Dikatakan, dari H-7 Lebaran hingga kemarin jumlah kendaraan bus, baik AKAP dan AKDP yang datang jika diakumulasi hanya 840 bus. Untuk yang berangkat dari Terminal Giwangan sebanyak 822 bus. “Hingga 27 Mei penumpang bus yang datang ke Giwangan ada 969 orang. Kalau yang berangkat dari Giwangan ada 1.514 penumpang.

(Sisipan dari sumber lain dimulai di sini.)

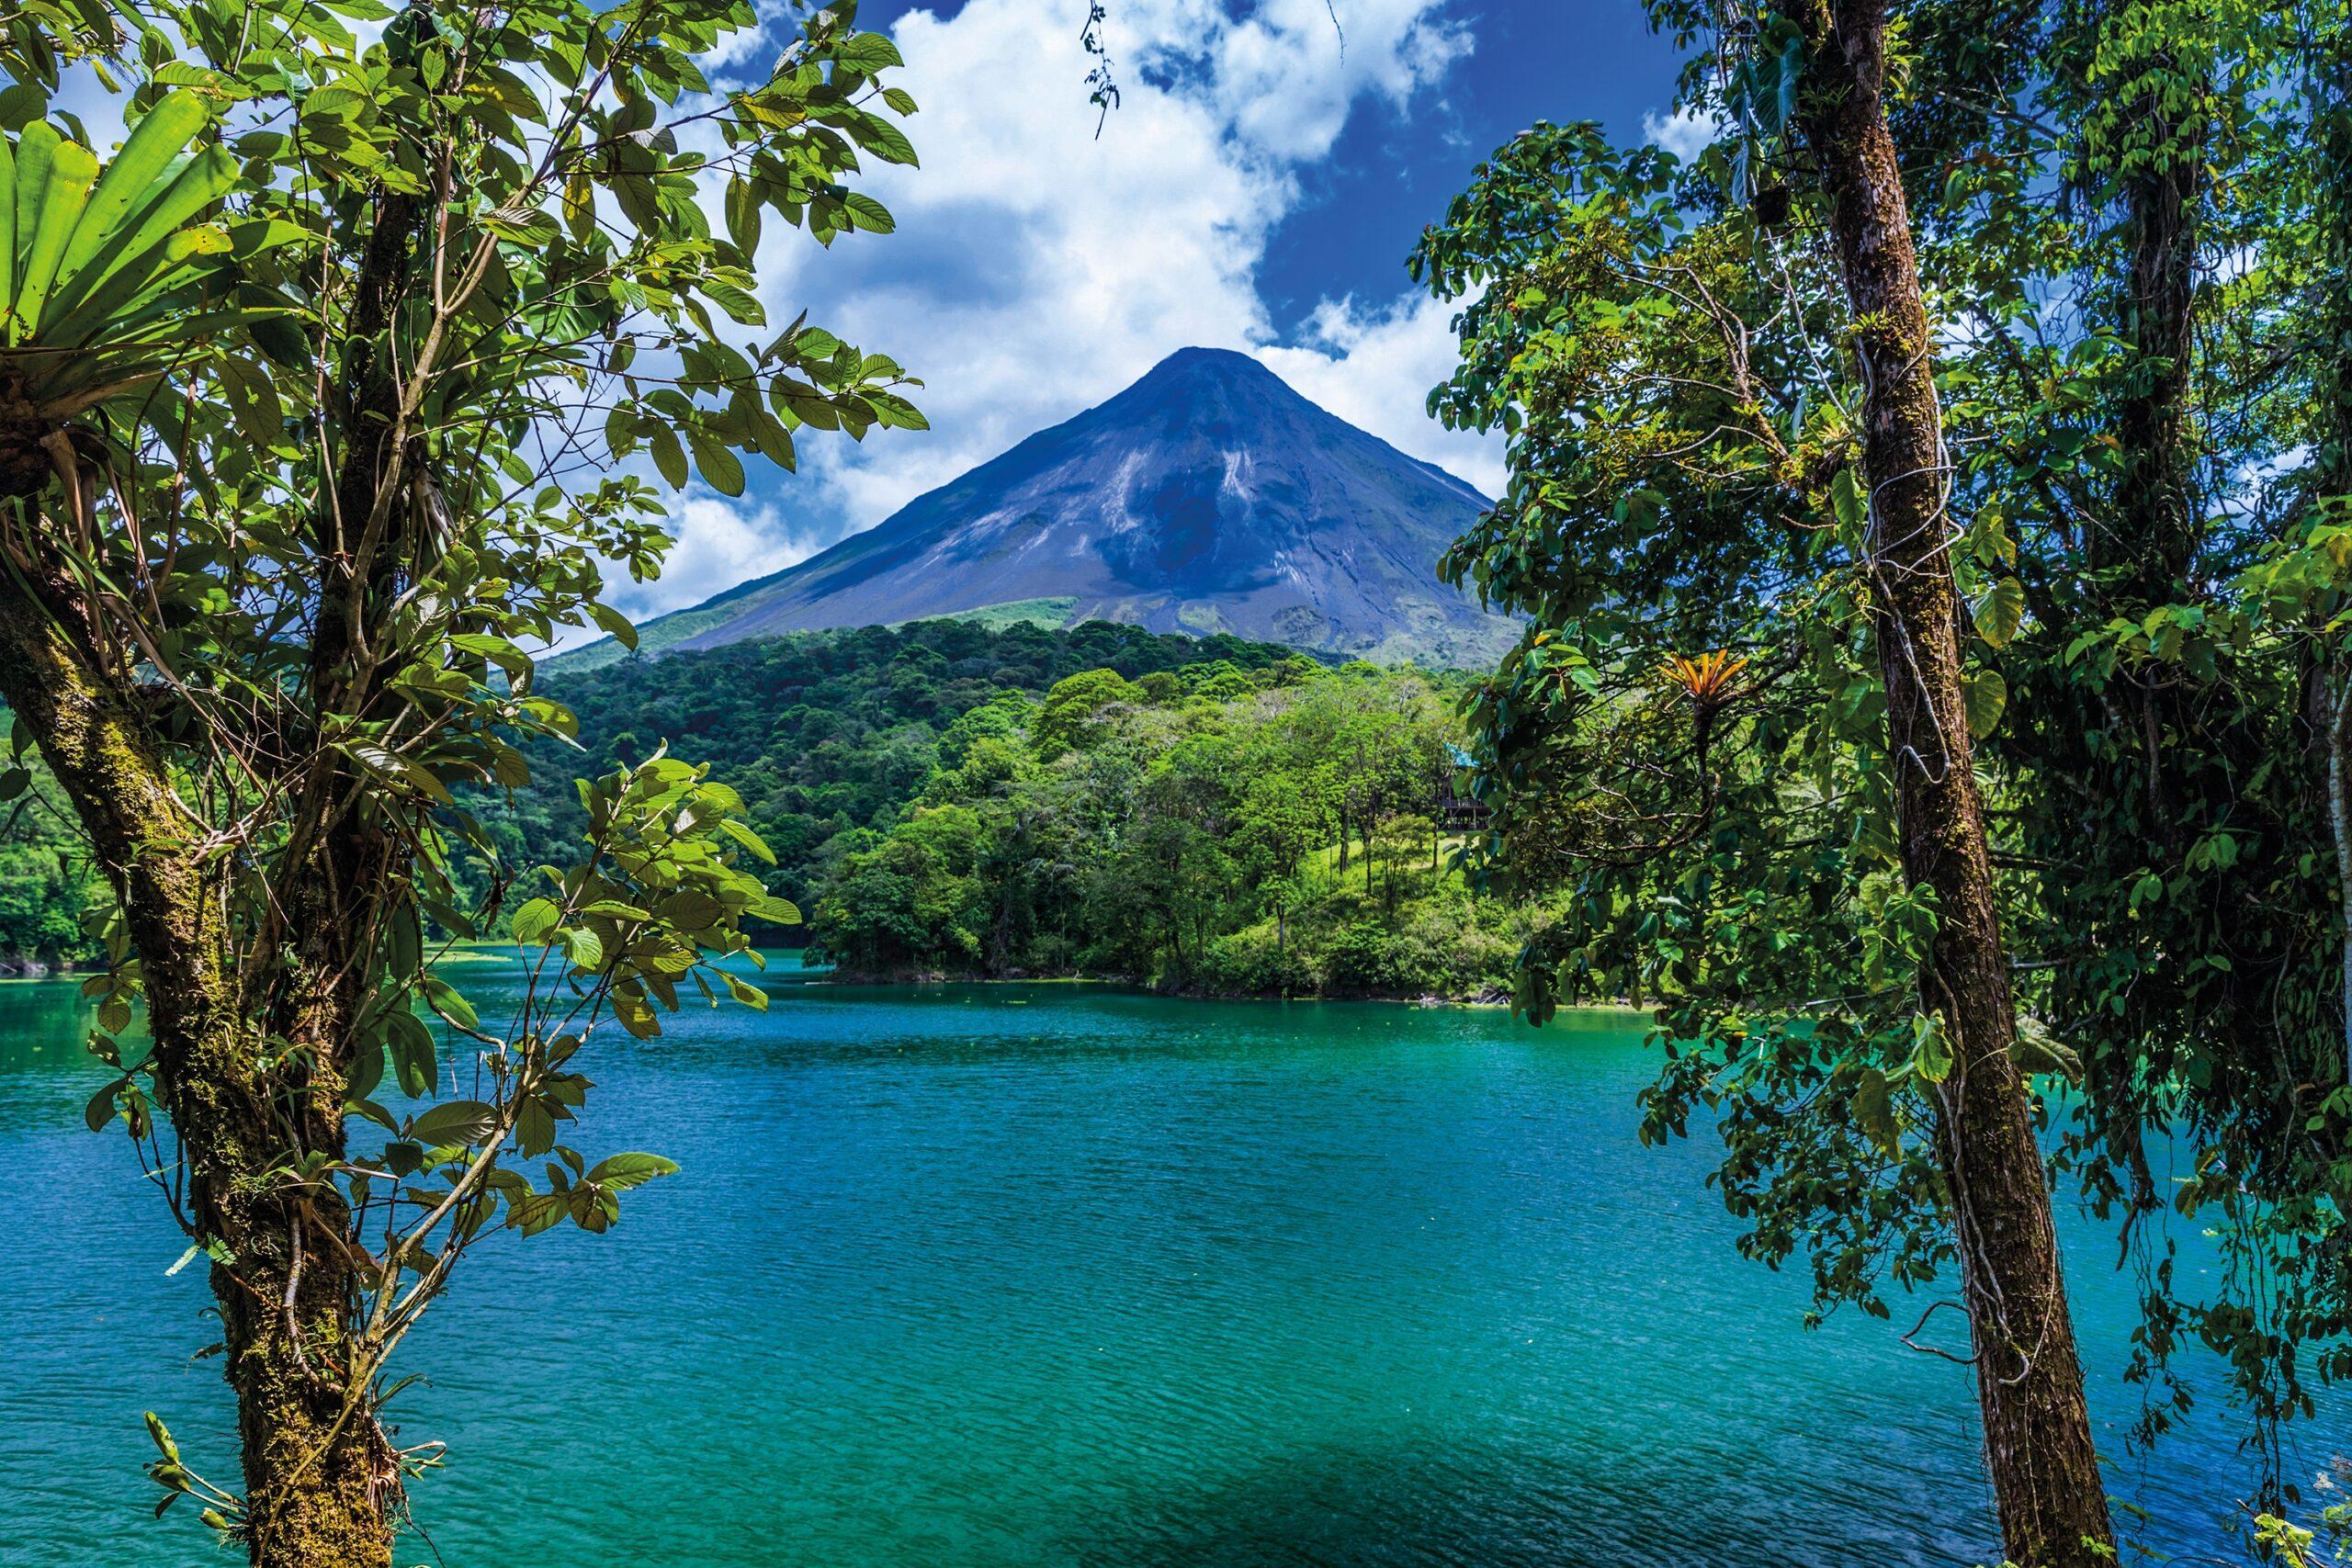 Costa Rica Makes Big Move with Congress Approving Legislation of Medicinal Marijuana

Itu akumulasi dari H-7 Lebaran,” ungkapnya.

Saat ini Terminal Giwangan memang didominasi oleh bus AKDP dibandingkan bus AKAP. Jika dilihat dari data H-7 Lebaran pun jumlah bus dan penumpang AKDP lebih banyak dibanding bus AKAP. “Jika diakumulasi jumlah bus AKAP baik yang datang dan pergi sekitar 542 bus, penumpangnya 1.033 orang. Untuk bus AKDP, baik yang datang dan pergi ada 1.120 bus, penumpangnya 1.450 orang,” paparnya.

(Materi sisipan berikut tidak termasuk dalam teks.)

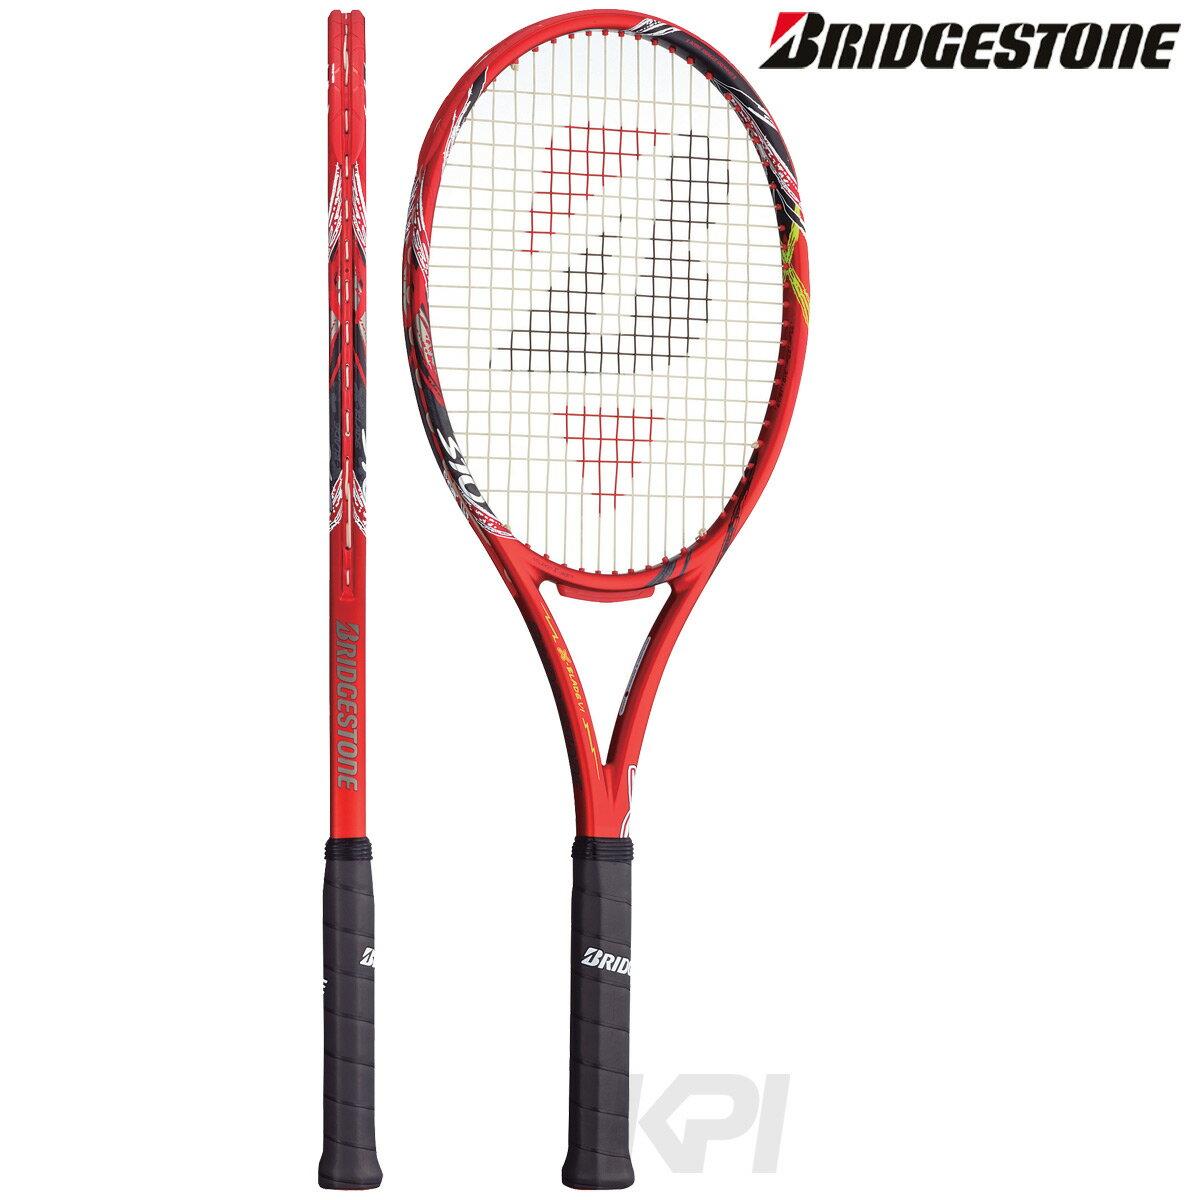 BRIDGESTONE(ブリヂストン)「X-BLADE VI 310(エックスブレードブイアイ310) BRAV61」硬式テニスラケット【prospo】

Jumlah ini sangat berbeda jika dibandingkan dengan Lebaran 2019 yang bisa mencapai ribuan penumpang dan ratusan bus per hari. Saat ini kendaraan rata-rata yang beroperasi hanya 20 unit per hari, untuk penumpang rata-rata 50 orang. “Untuk bus AKAP yang beroperasi saat ini ada bus Magelang dan Solo,” ujarnya.

Meski demikian, Bekti tetap rutin menerapkan protokol Covid-19 di lingkungan terminal dan bus. Hal itu untuk mengantisipasi persebaran dan penularan virus di lingkungan terminal.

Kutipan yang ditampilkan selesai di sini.